I was with my gorgeous family for only a short 2 days. I hated saying goodbye after only such a brief amount of time and in the past couple days its felt like the only thing I’ve been doing is saying goodbye to people I value a lot. This stuff is hard.
One of my Italian cousins being the incredible man he is, offered to pick me up at 3 am and take me to Rome’s airport. I was astonished of how selfless and giving this guy was to do this for me, I was very blessed. From jumping on a flight to London, then a bus to another London airport, then another plane to Reykjavik and then a bus to my hostel. After 18 or so hours of constant travel and running around, I crashed in my dormitory.

Once I woke up, I woke up to the very strange realisation that I was in Iceland. I did not think I would wind up in this very unique country at such a point in my life and also in this horrific frosty season. We only get a few hours of sunlight and it’s not even direct sunlight, it’s more of a sunny glow. I’m not used to this at all, this is very different, but I love it.
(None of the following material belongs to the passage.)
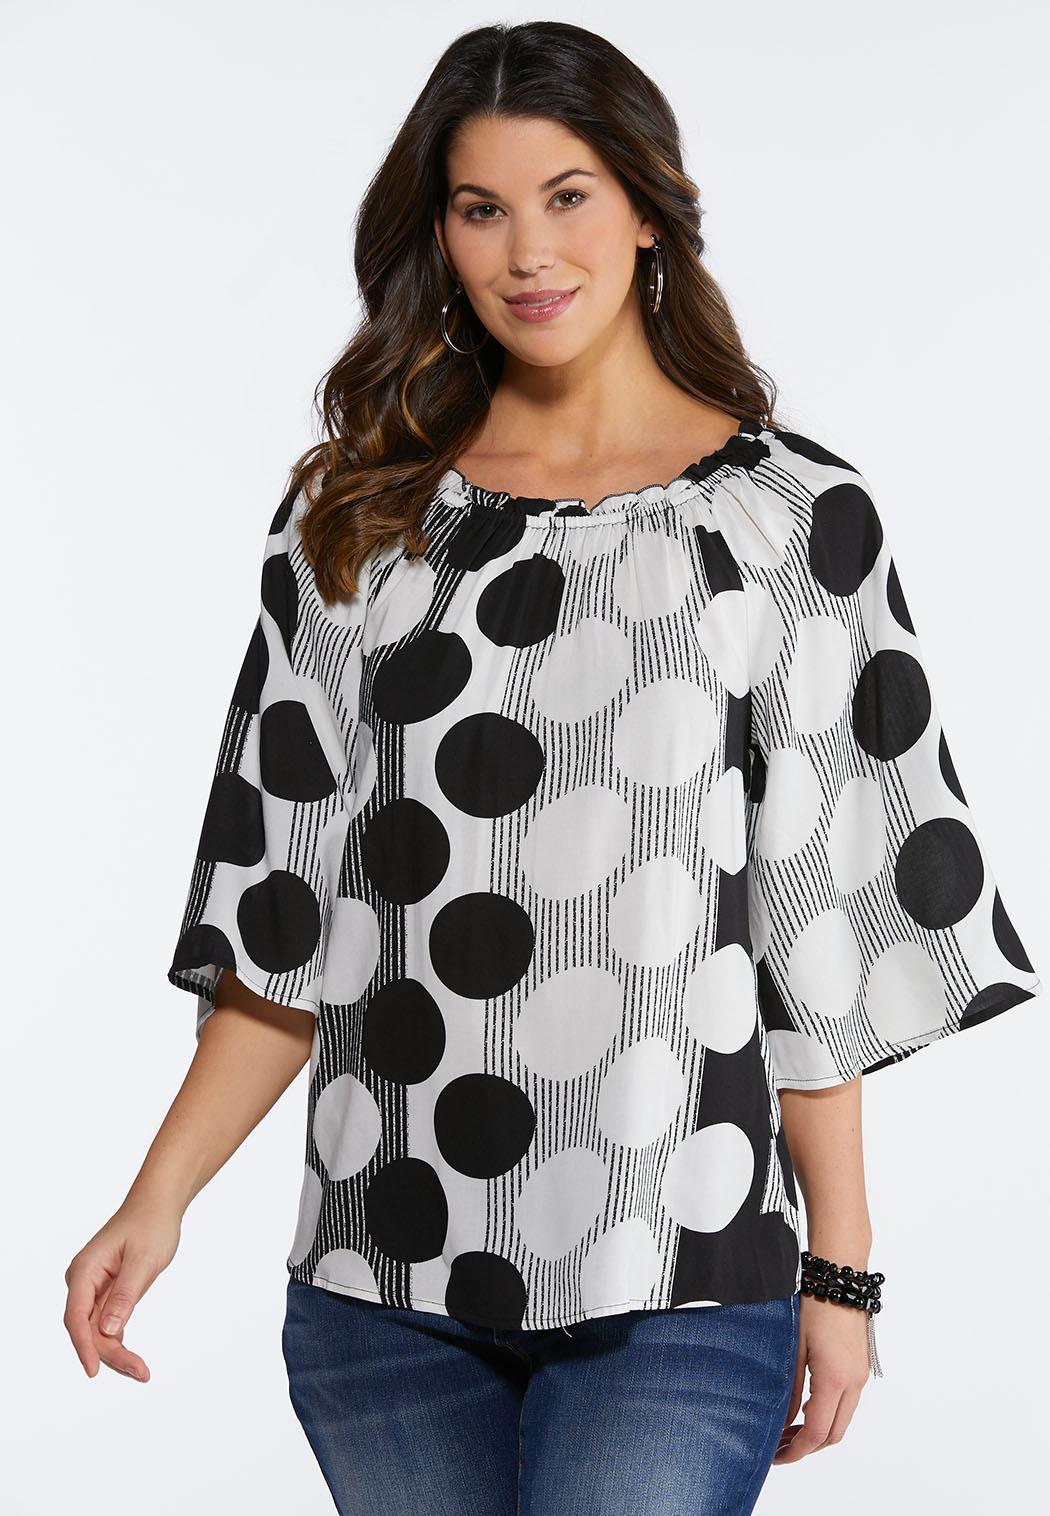 91e5c8b3f9c Plus Size Convertible Polka Dot Poet Top Shirts   Blouses Cato Fashions

At the hostel I’m staying at, I met this lady in her late twenties. Originally from Peru but now living in New Jersey. We got along quite well and connected very easily, we went for a walk, bought groceries and cooked an incredible pasta meal that didn’t bankrupt our bank accounts (Iceland is so expensive!). Throughout all this time, we talked and talked. I told her many of my experiences over the last 7 months as well as life back home. She told me lots about her life; work, friends, travel, a long-distance relationship and the heart break that followed. She’s now questioning what she’s doing with her life and where she’s at; physically, emotionally, spiritually and mentally. I loved her honesty and how open minded she was. I mean telling your problems to a silly 19-year-old Australian isn’t ideal for anyone.

This definitely isn’t the first deep and emotional chat I’ve had with a stranger, but I forgot how much I value it. As you can see I’ve not mention her name, I guess it’s good for privacy reasons and another is that we didn’t exchange names at all. She may have told me her name at the beginning, but I cannot remember for the life of me. I’m horrible like that. Nevertheless, we got too caught up conversing about other topics.

She’s gone now, she’s returned back to the US. But sometimes I feel like strangers can offer the best advice because they don’t know a single thing about you. They would just speak exactly what’s on their mind, they wouldn’t feel the need to sugar coat or adjust words to suit your way of thinking/personality because they don’t know it.

There are probably 10 to 20 strangers out there in the world who don’t know my name, may or may not remember my face but they know of my insecurities, the lessons I’ve learnt the hard way, my fondest memories, greatest triumphs and my philosophy on life. I love that. I think it’s beautiful and somewhat romantic.

Yes, stranger danger is true. In my experiences the advice of a stranger has encouraged me to do things I never would have thought I would ever do. A few years ago, some random well-dressed gentleman told me about travel blogging.

 

Some strangers in this world will rob or kill you. But from the rest of them, you can learn a thing or two.